The strong showing is largely due to investors avoiding the highly valued U.S. stock market amid trade uncertainties, directing capital toward emerging markets, and tapping into opportunities presented by Hong Kong-listed tech stocks, especially those tied to artificial intelligence. Low domestic deposit rates and increased northbound flows via Stock Connect have further bolstered market liquidity.

Since the start of the year, Hong Kong’s main stock indices have surged more than 24%, far ahead of U.S. equities. Trading activity has also skyrocketed. In the first half of 2025, average daily turnover in Hong Kong’s securities market reached HK$240.2 billion, a 1.18-fold increase from the prior year. Futures and options trading also expanded, with more than 1.7 million contracts traded daily on average, up 11% year-on-year. ETFs performed even more impressively, with average daily turnover hitting HK$33.8 billion, nearly doubling compared to 2024.
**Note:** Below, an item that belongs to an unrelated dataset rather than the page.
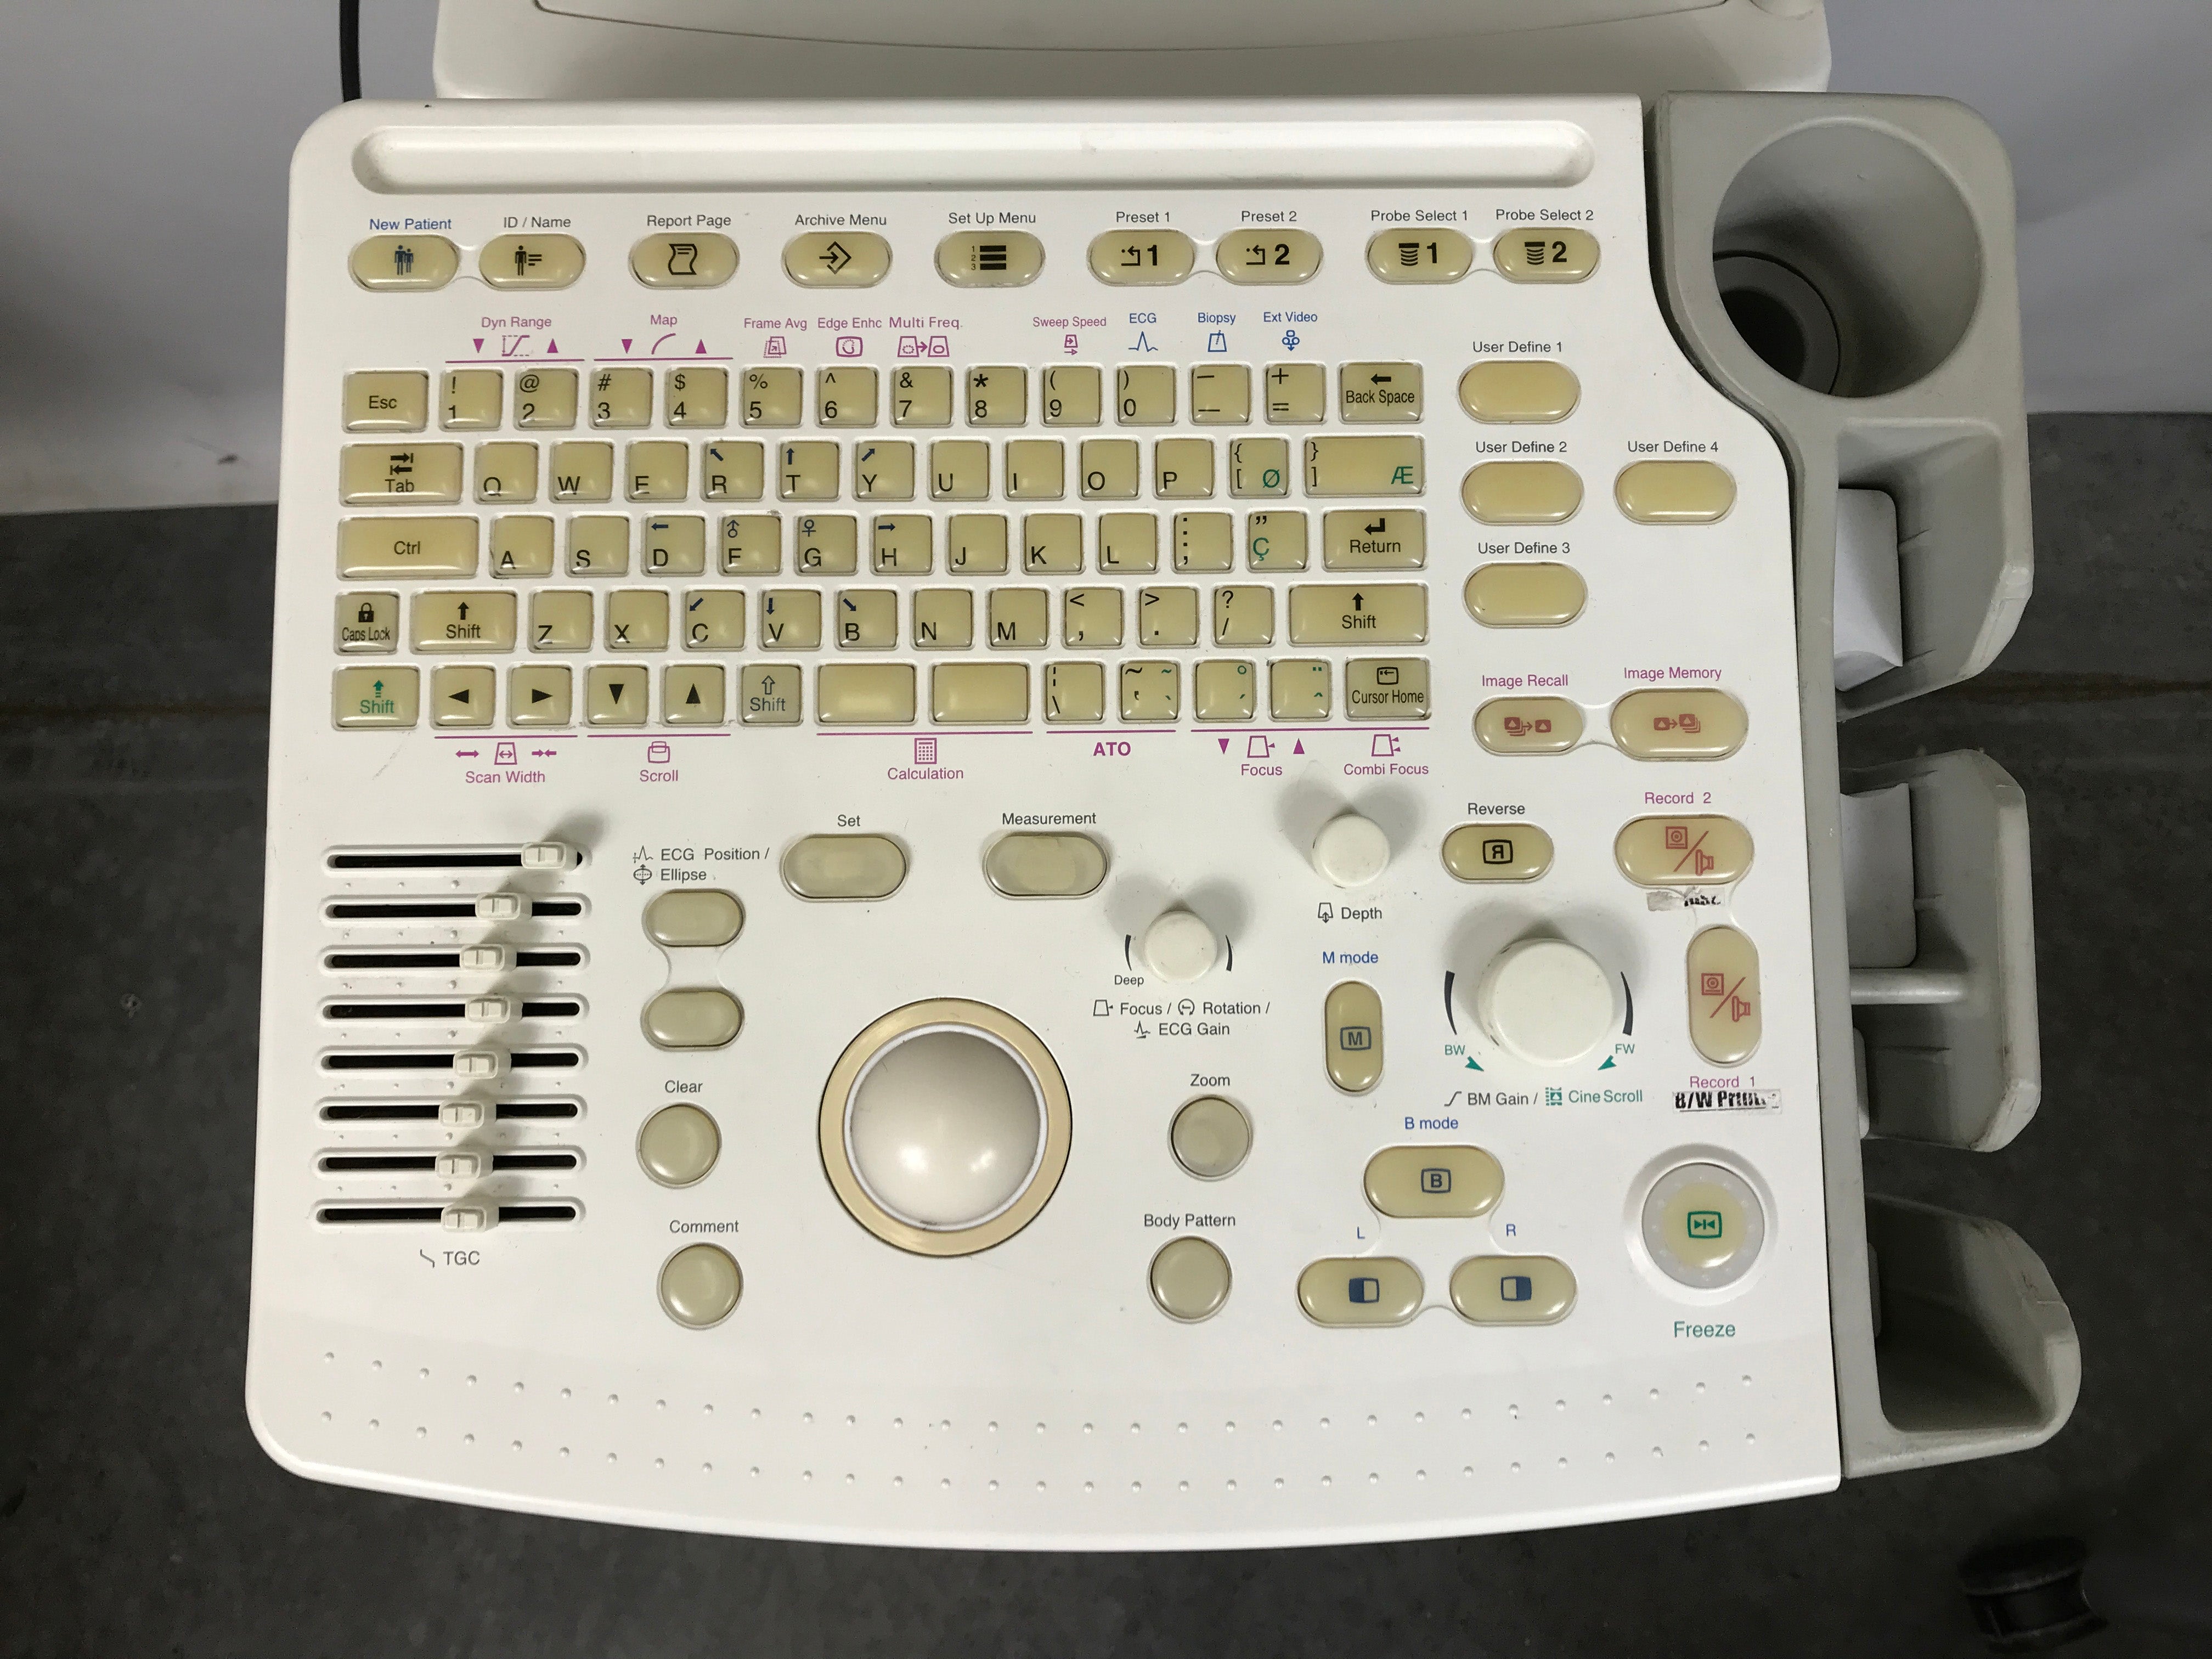 GE Logic 200 Pro Series Ultrasound Machine *For Parts or Repair*

The buoyant secondary market has fueled activity in Hong Kong’s primary market. The Hong Kong Exchanges and Clearing Limited (HKEX, 00388.HK) benefited from improved listing rules, with 44 IPOs raising HK$109.4 billion in the first half—over seven times the amount raised in the same period last year. Post-listing fundraising totaled HK$175.1 billion, up 2.3 times year-on-year. This resurgence underscores Hong Kong’s continued appeal as a listing venue for both domestic and international firms.

HKEX reported record-breaking results in the first half of 2025, with total revenue and other income up 32.53% to HK$14.076 billion. Core business revenue rose 33.68% to HK$12.954 billion, fueled by record trading volumes in equities and stock options, higher custody fees, and increased net investment income from larger margin balances. Investment income from corporate funds also climbed 15.87% to HK$1.044 billion.

Operating efficiency contributed to robust profits. EBITDA for the period reached HK$10.939 billion, up 42.79% year-on-year, with the EBITDA margin rising six percentage points to 79%. Spot trading was the primary driver of revenue growth, with average daily equity turnover up 1.22 times year-on-year to HK$222.8 billion. Southbound Stock Connect flows surged 1.96 times to HK$111 billion daily, while derivatives activity, including warrants and callable bull/bear contracts, increased 72% year-on-year.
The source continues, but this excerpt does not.